The porter team consisted of men and women of various ages. Despite carrying heavy loads over long distances, they remained glad of the employment and the extra income instead of solely relying on farming like before. I met Phang Thi Khu, of the Mong ethnic group, who was born in 2003. She has been a porter for two years. She enjoys serving tourists like this because she gets to leave home, chat with guests, and learn many new skills. With a little effort, she can earn nearly 800,000 Vietnamese dong per week, covering the costs of diapers and school fees for her child.

Ma A Thong, our local guide, has been involved in tourism since 2016. Initially, she worked as a porter, and in 2017, she furthered her knowledge and skills to become a guide. During the peak winter tourist season, she works 25 days a month, earning up to 18 – 20 million Vietnamese dong.

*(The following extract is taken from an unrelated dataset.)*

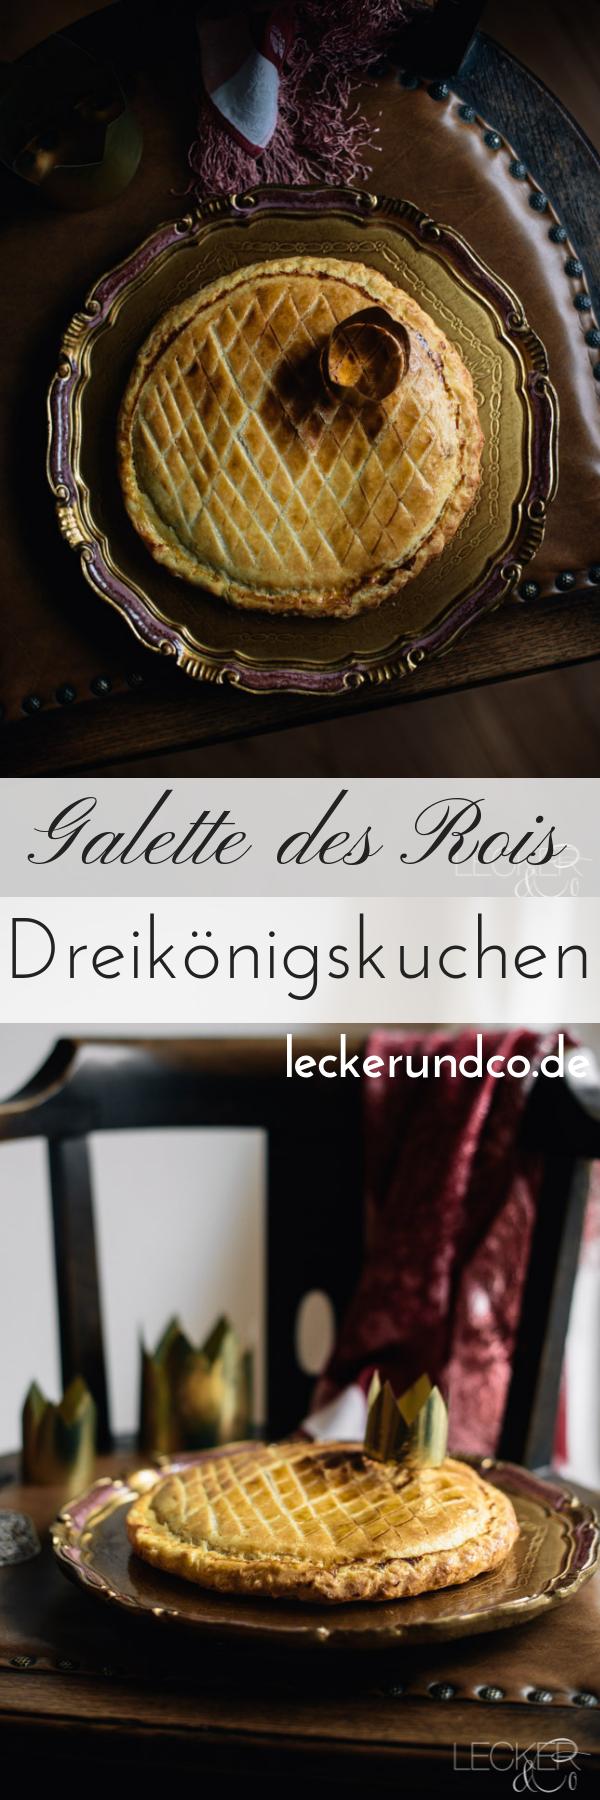 Galette des Rois   Dreikönigskuchen   LECKER&Co   Foodblog aus Nürnberg

Local people like Thong, Khu, and other seniors are sincere, humorous, and lovable. They brought us joy and reassurance. I was deeply appreciative and moved by all the effort that went into providing us with hearty meals.

This expedition is about tourists improving their physical fitness, broadening their horizons, and bringing hope to the local people. They look forward to welcoming guests on weekends and earning a few hundred thousand dong to buy meat and gasoline. Meanwhile, we have more memories and new stories to share.

Our journey is not just about chasing clouds but also seeking moments to connect emotionally with nature and life.